▶ **WHAT YOU SHOULD DO**
Copy, word for word, the lines below from the one containing "Croisière Thanatharee de" up to and including the one containing "Dolce & Gabbana", with pictures left out.

▶ **SOURCE MATERIAL**
▽

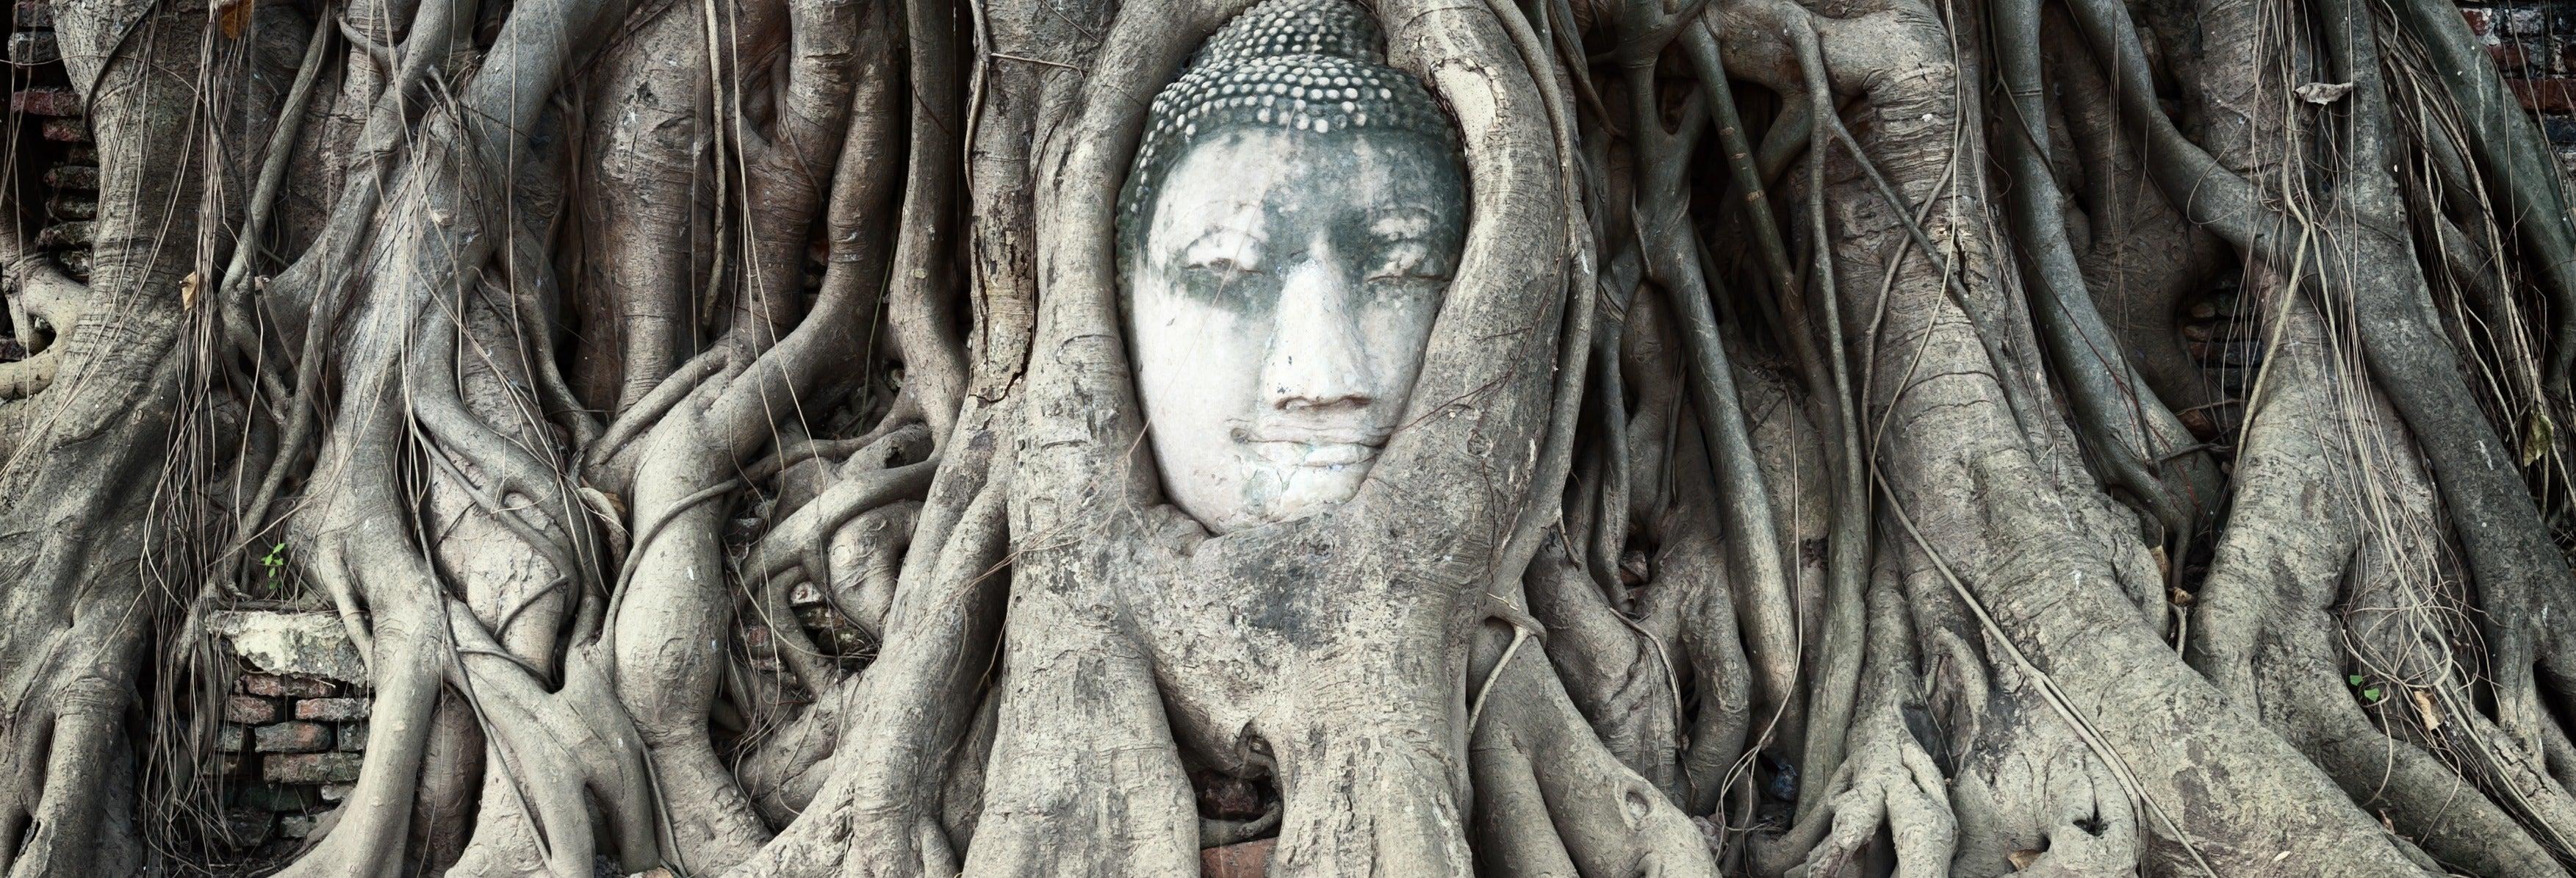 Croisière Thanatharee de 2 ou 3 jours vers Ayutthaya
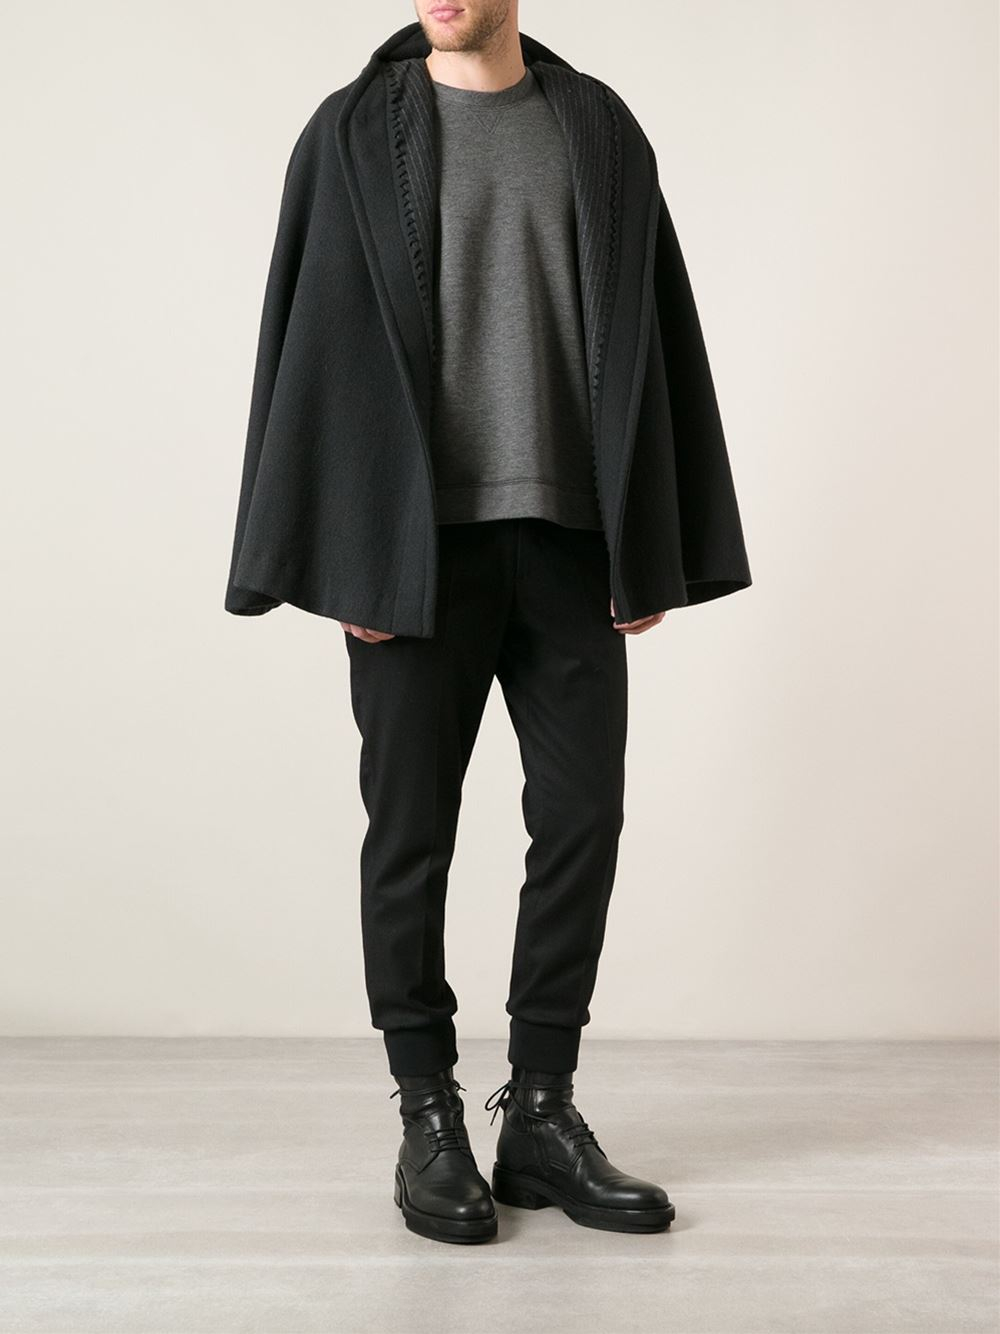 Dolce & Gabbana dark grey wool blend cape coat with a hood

△
▽

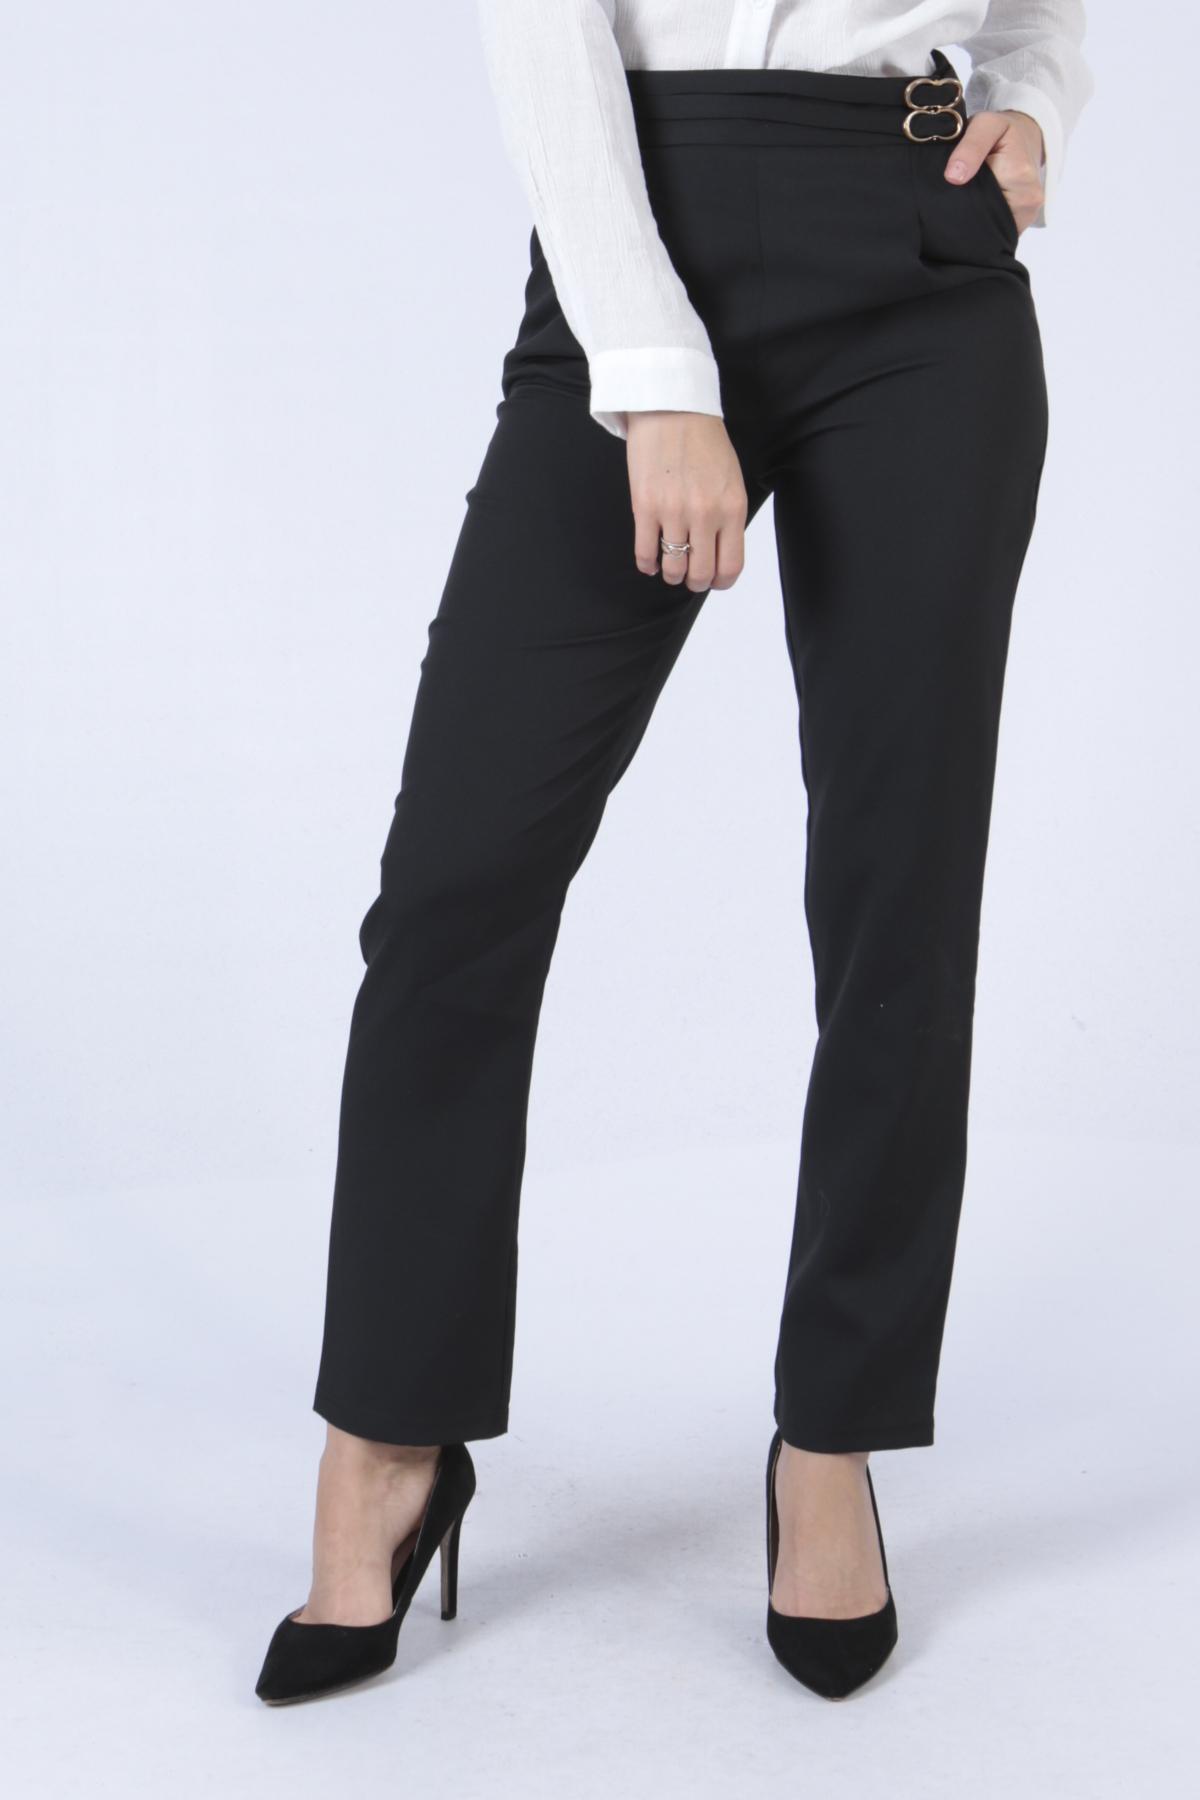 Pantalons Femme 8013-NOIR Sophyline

△
▽

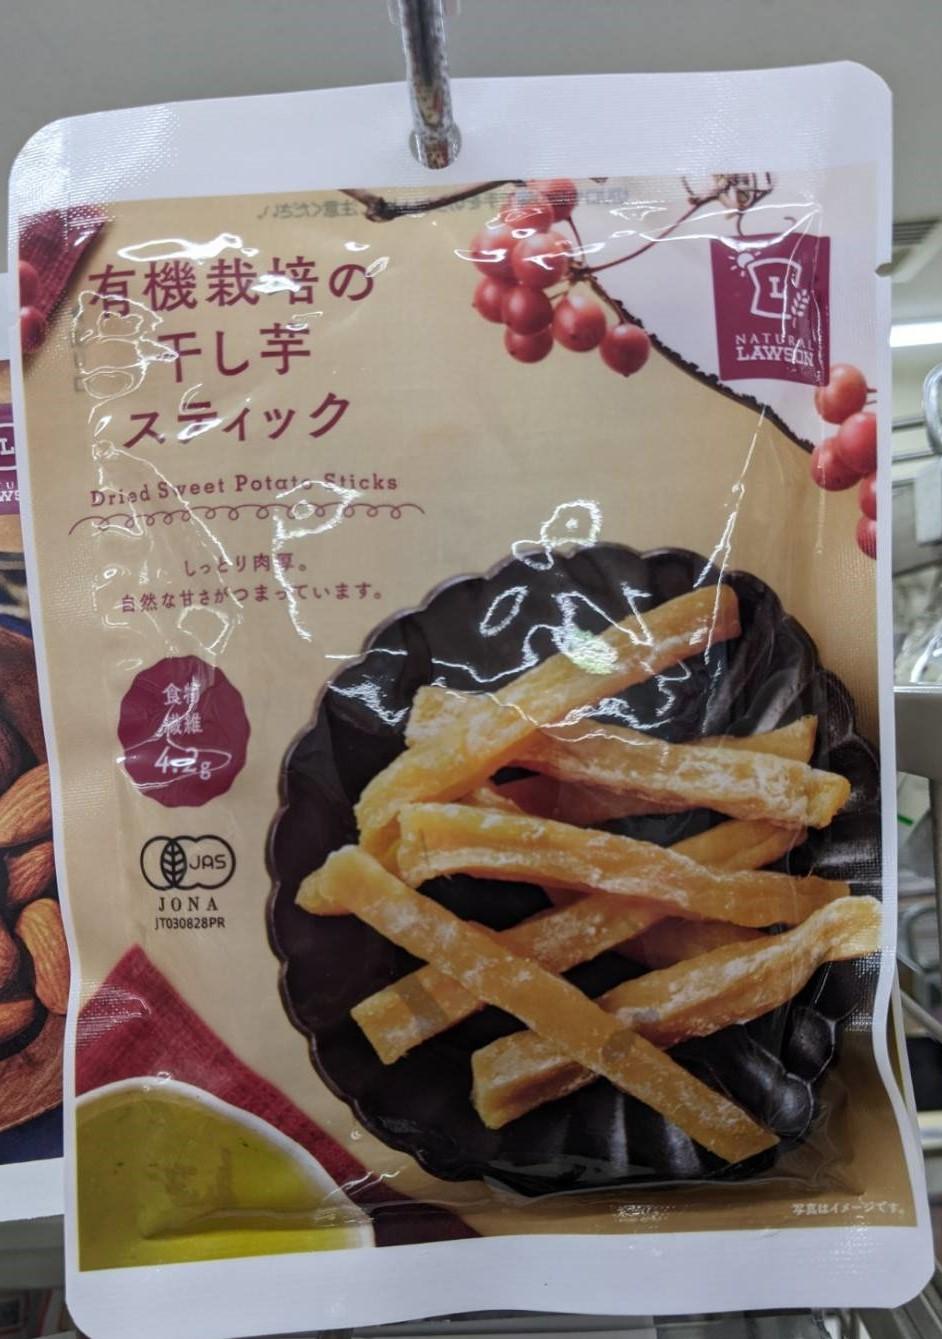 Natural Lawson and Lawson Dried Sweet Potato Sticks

△

▶ **RESPONSE FOR THIS EXERCISE**
 Croisière Thanatharee de 2 ou 3 jours vers Ayutthaya
 Dolce & Gabbana dark grey wool blend cape coat with a hood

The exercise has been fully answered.